**PROBLEM DESCRIPTION**.
Instruction for the entries below: return the part that opens with the line containing "Sherlock Sam and" and closes with the line containing "2020 Harley-Davidson Iron", exactly, and no pictures.

---------- DATA TO PROCESS ----------

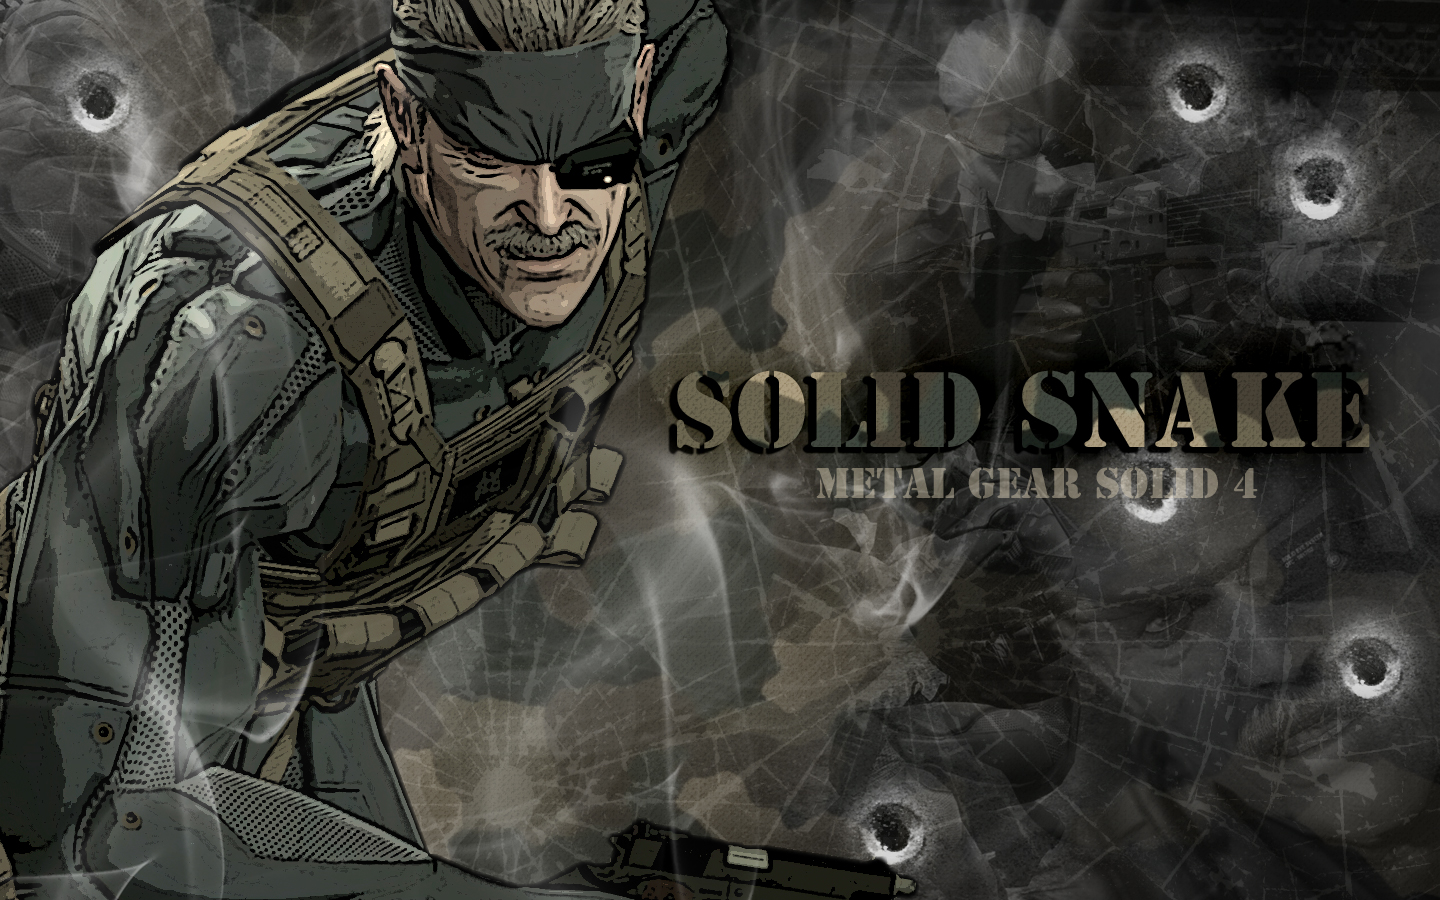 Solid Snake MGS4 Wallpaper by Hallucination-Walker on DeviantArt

----------
---------- DATA TO PROCESS ----------

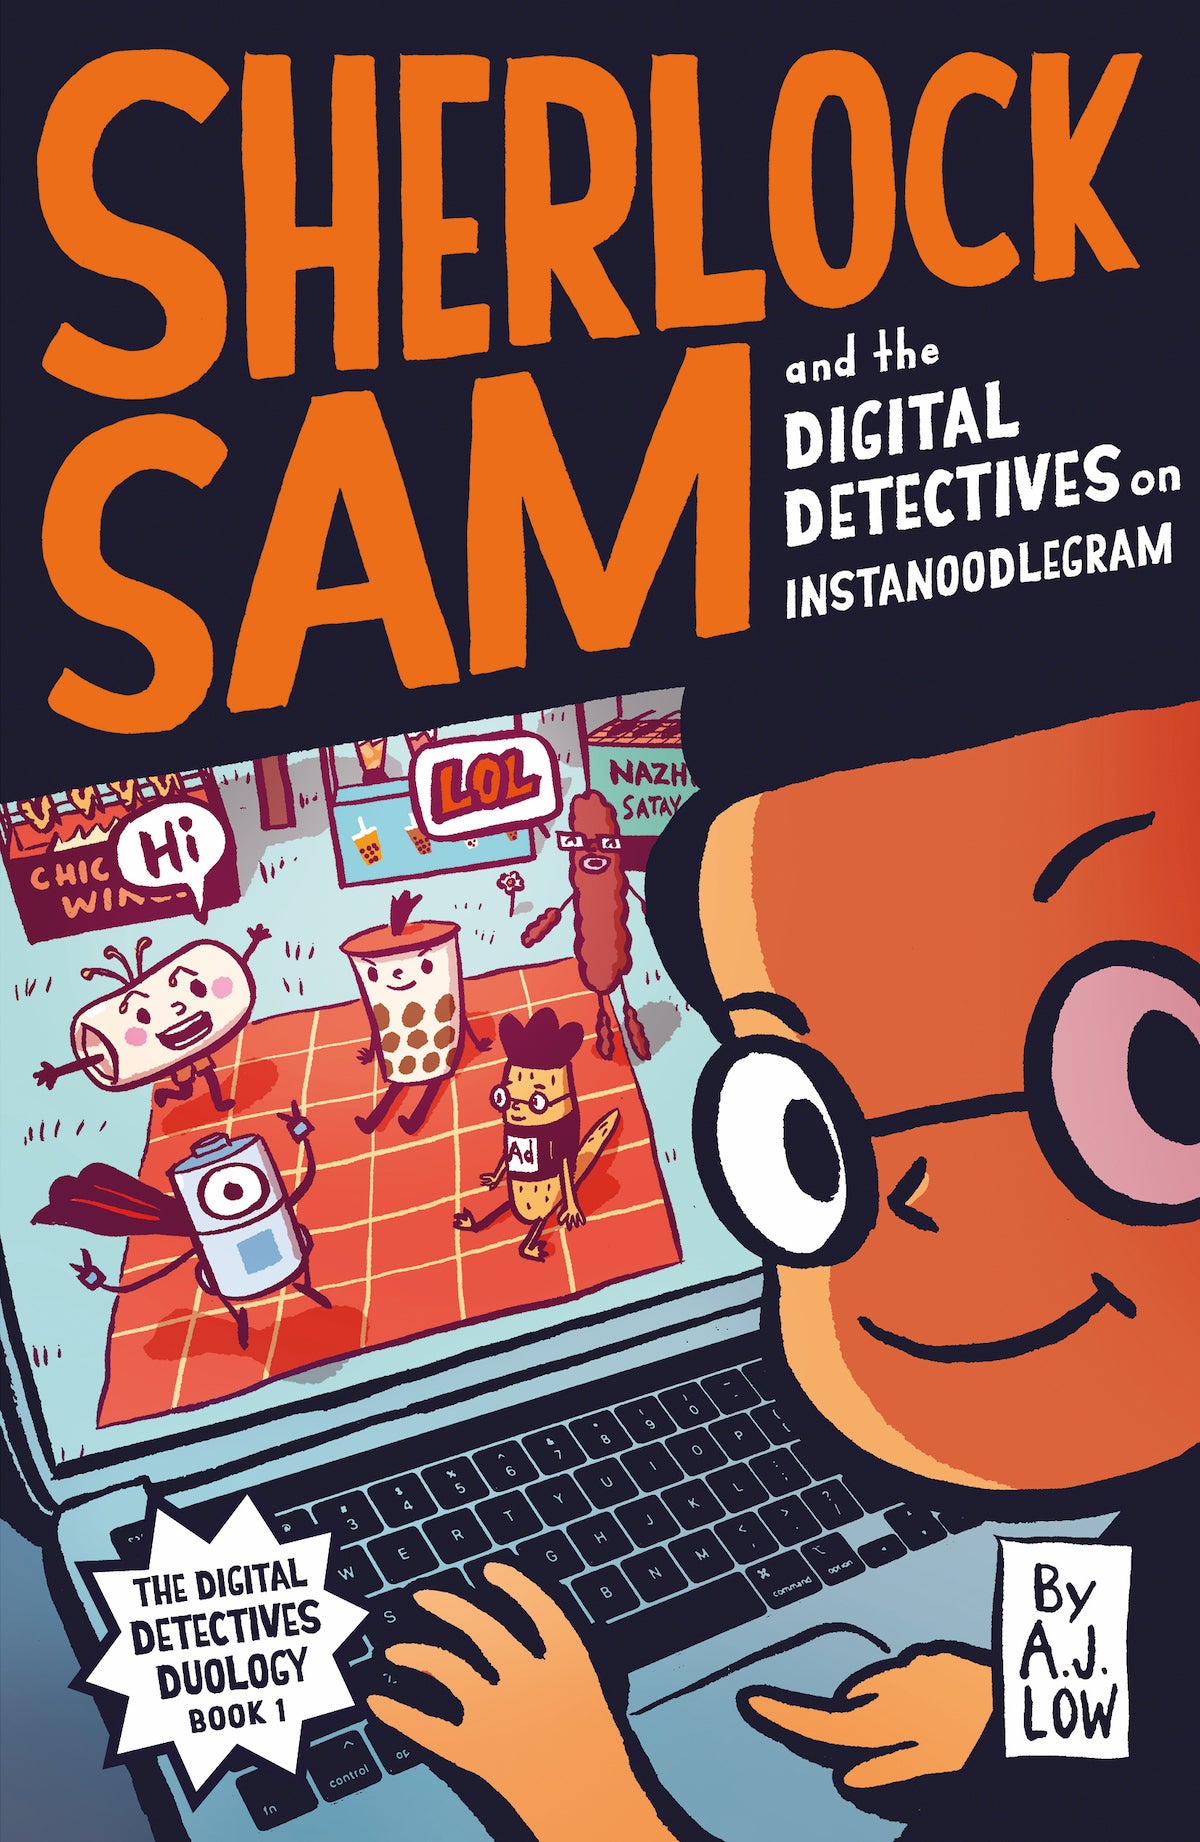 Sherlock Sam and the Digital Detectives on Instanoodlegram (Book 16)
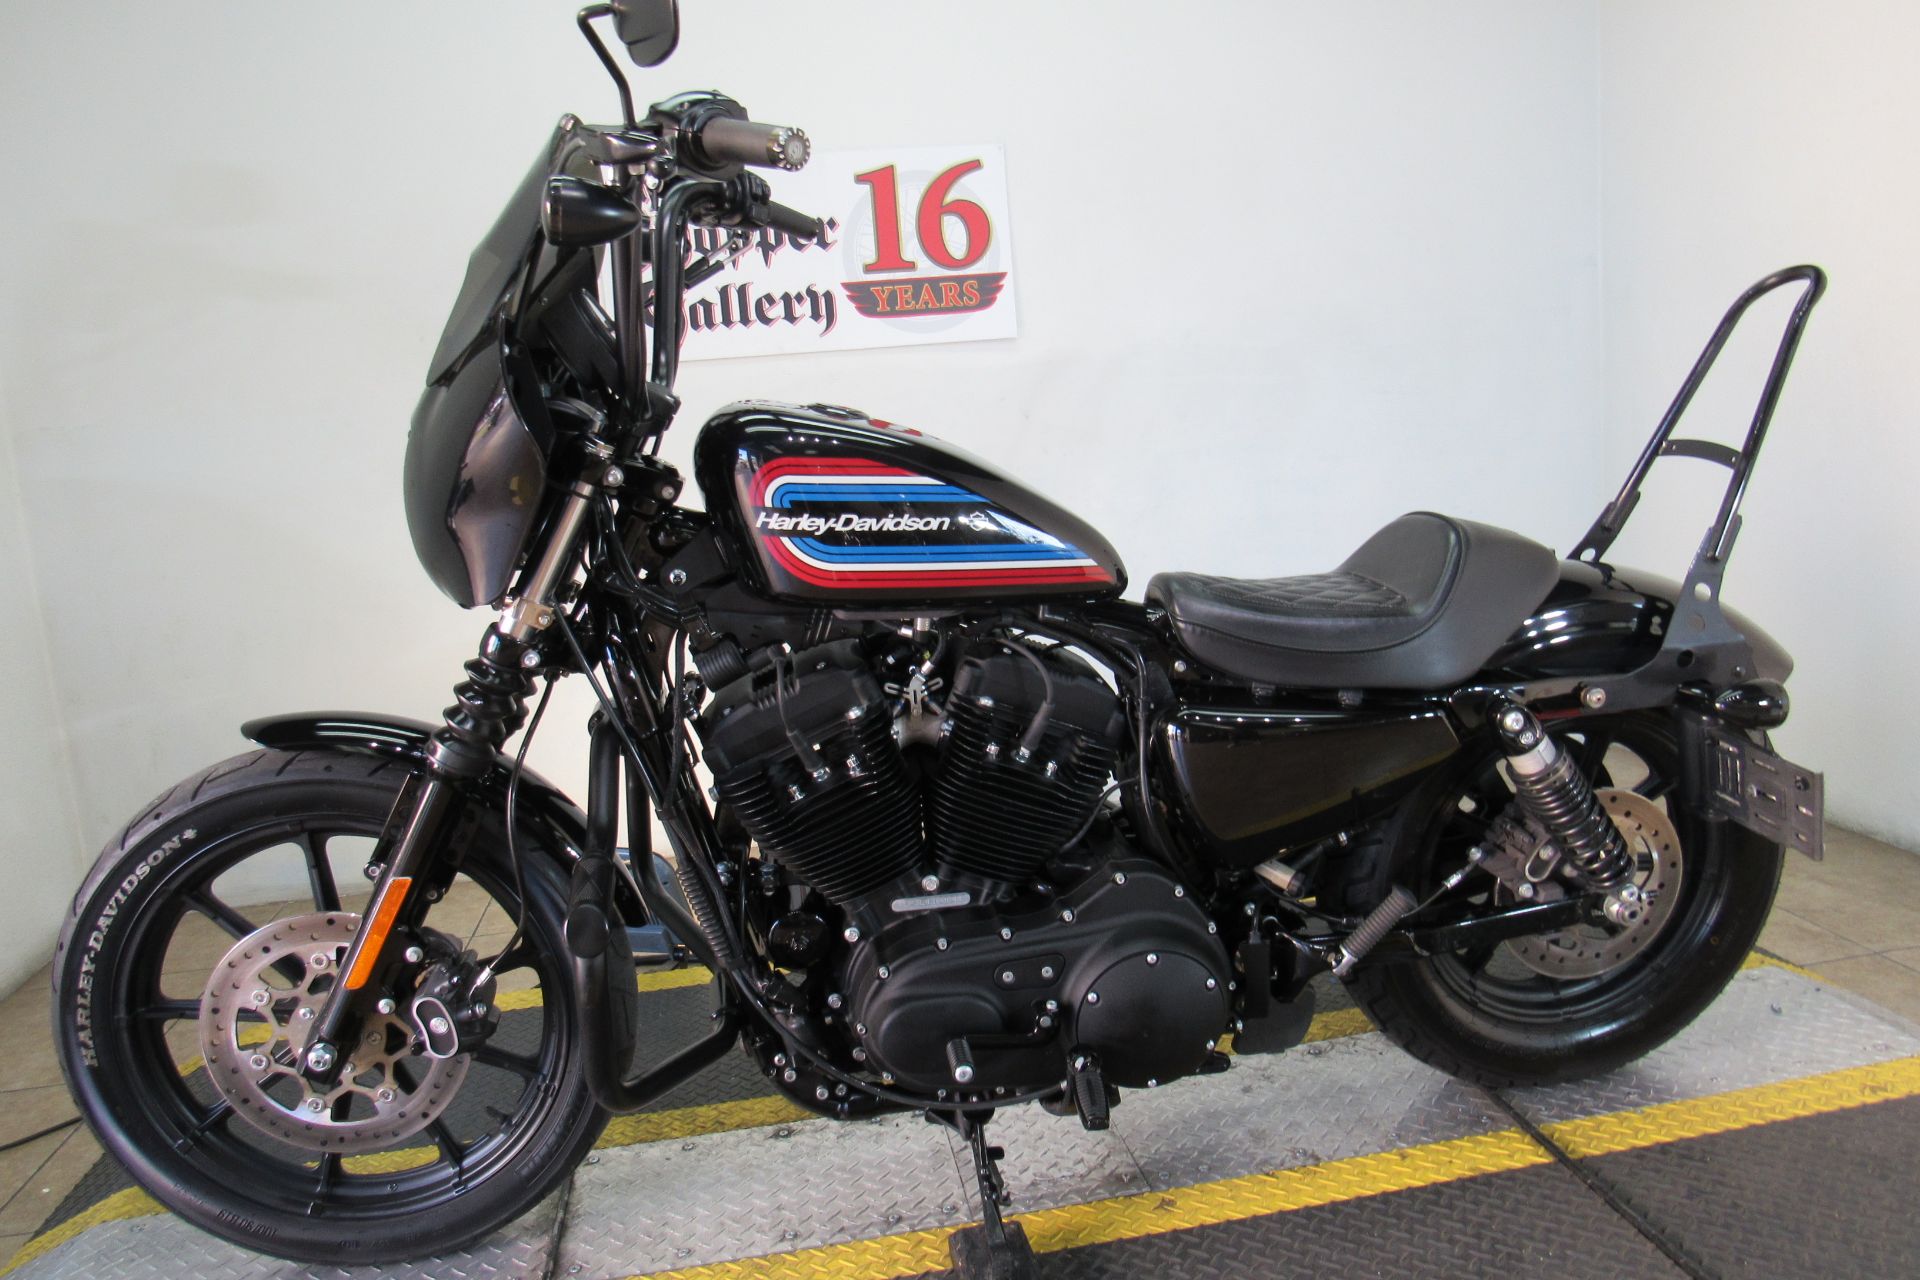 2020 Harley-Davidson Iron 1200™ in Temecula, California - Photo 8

----------
---------- DATA TO PROCESS ----------

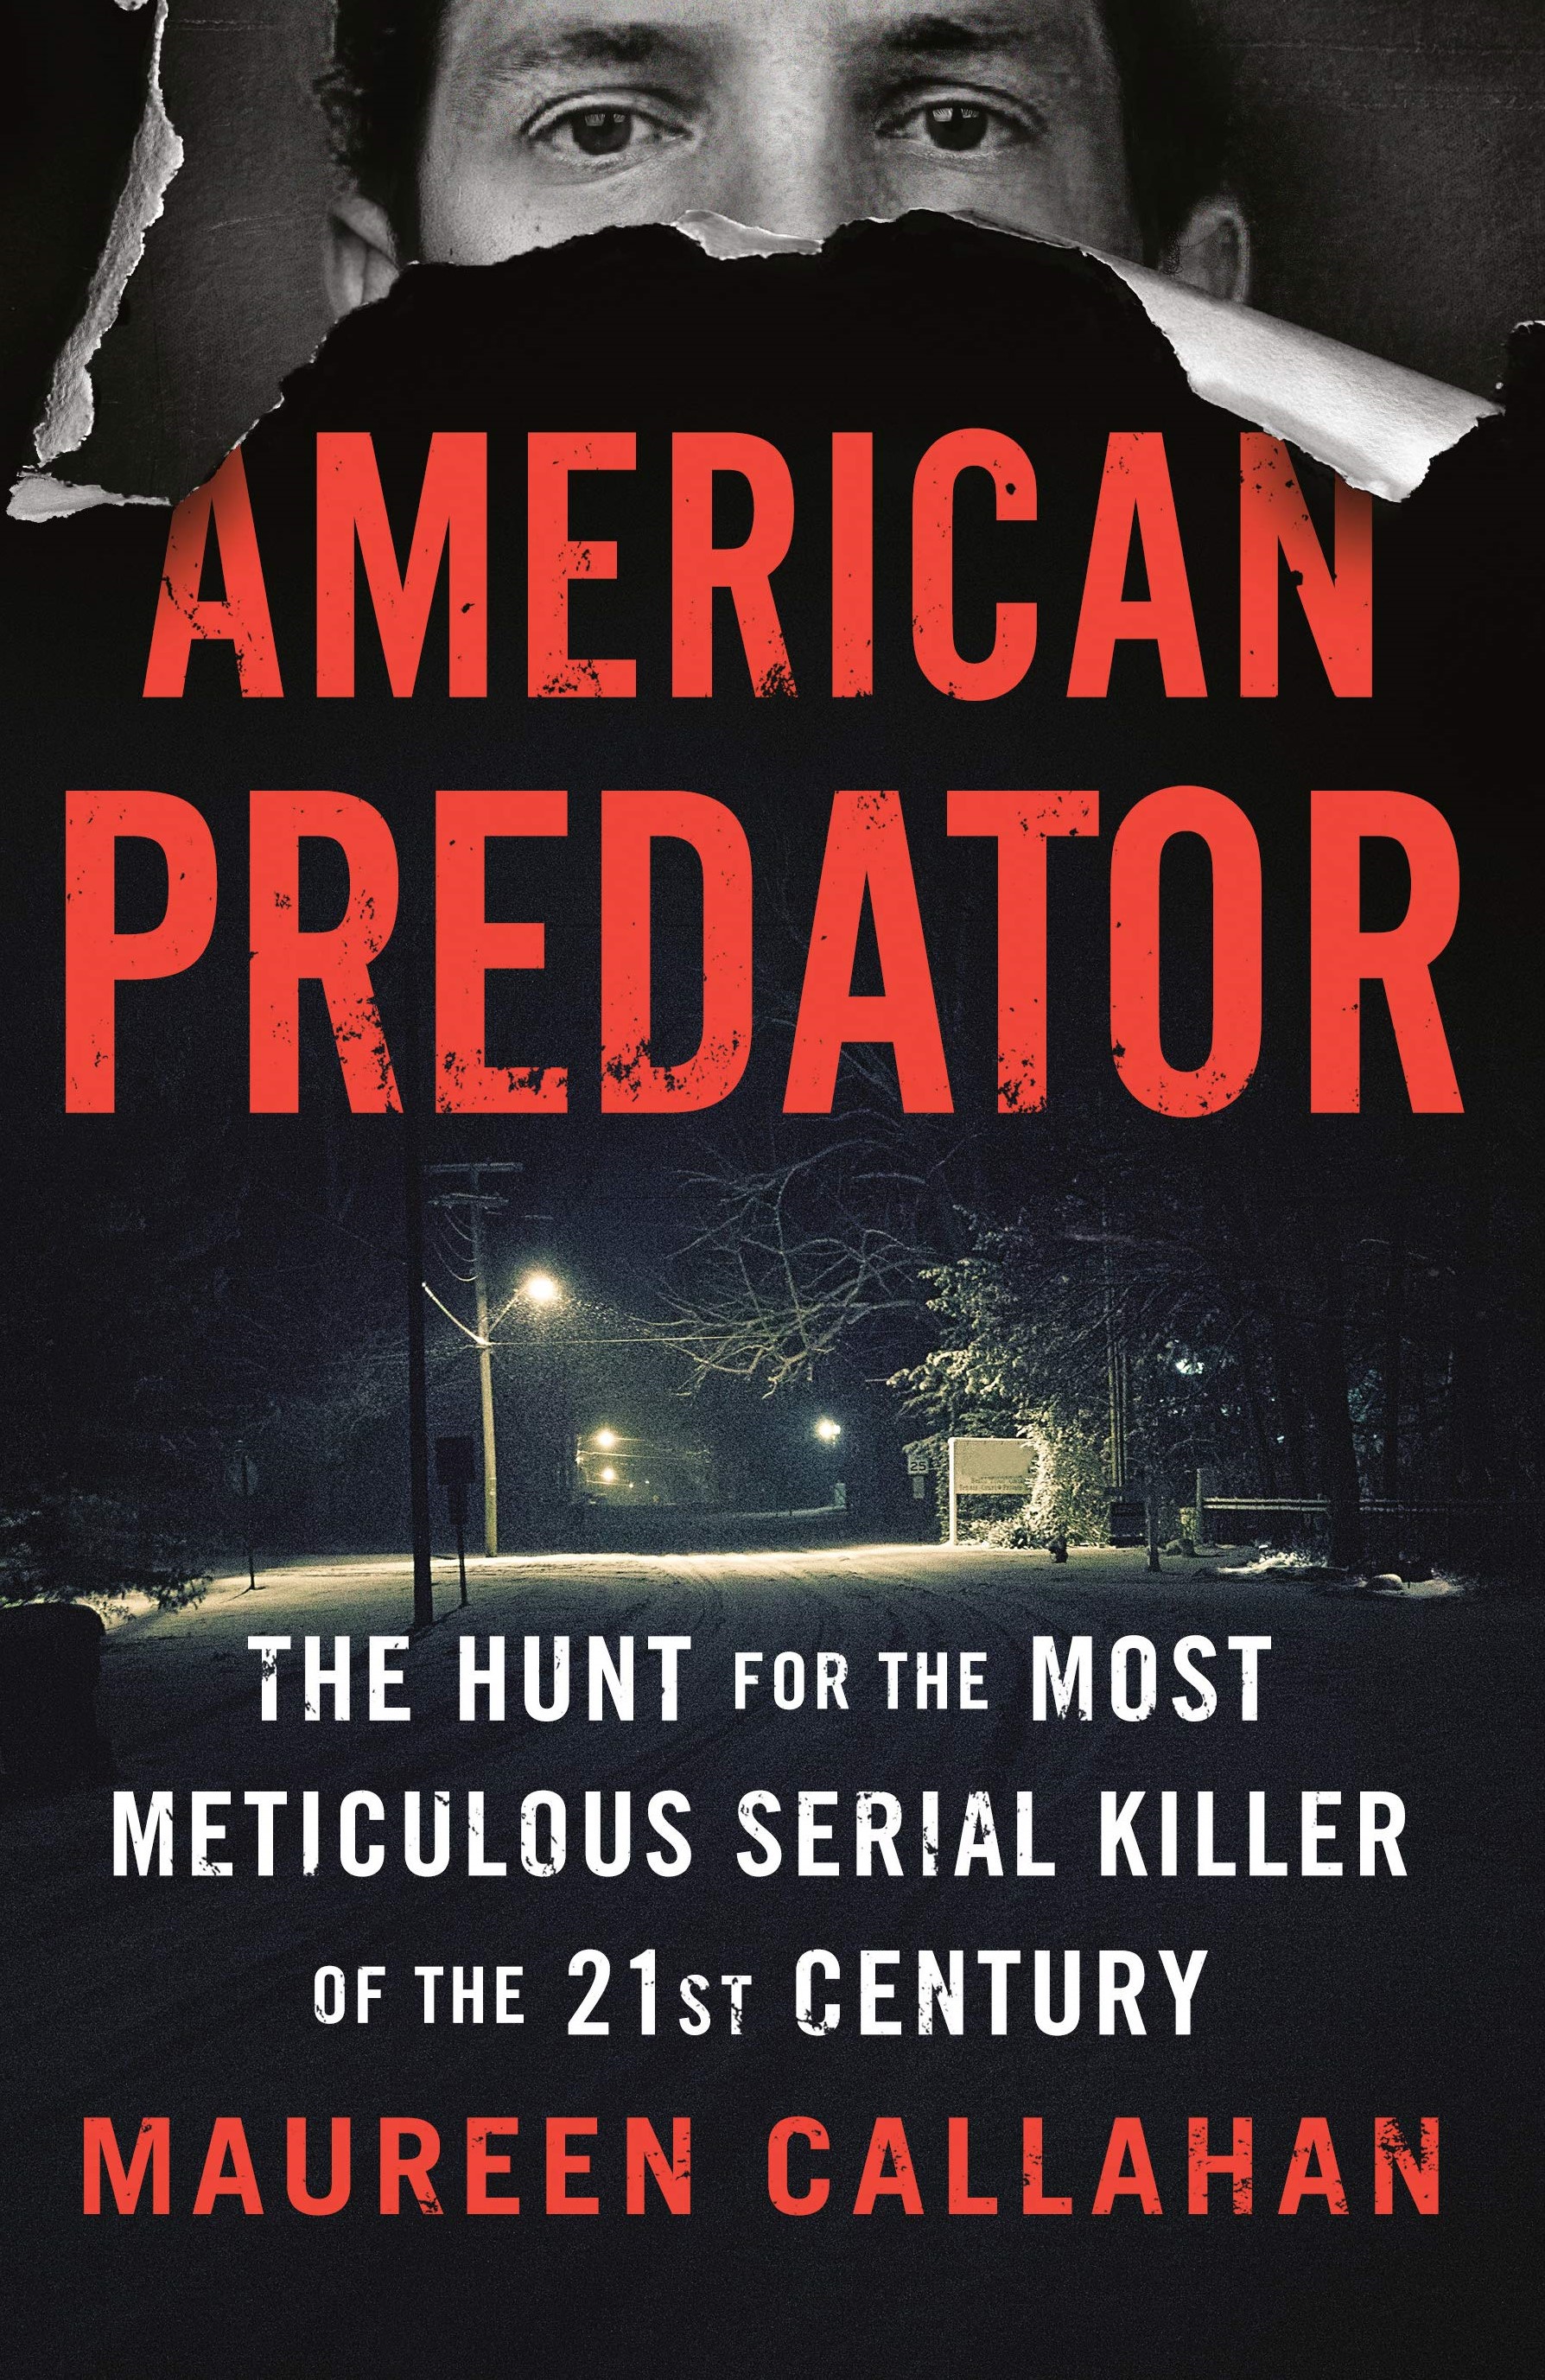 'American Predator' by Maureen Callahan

----------

**RESPONSE TO THIS TASK**.
 Sherlock Sam and the Digital Detectives on Instanoodlegram (Book 16)
 2020 Harley-Davidson Iron 1200™ in Temecula, California - Photo 8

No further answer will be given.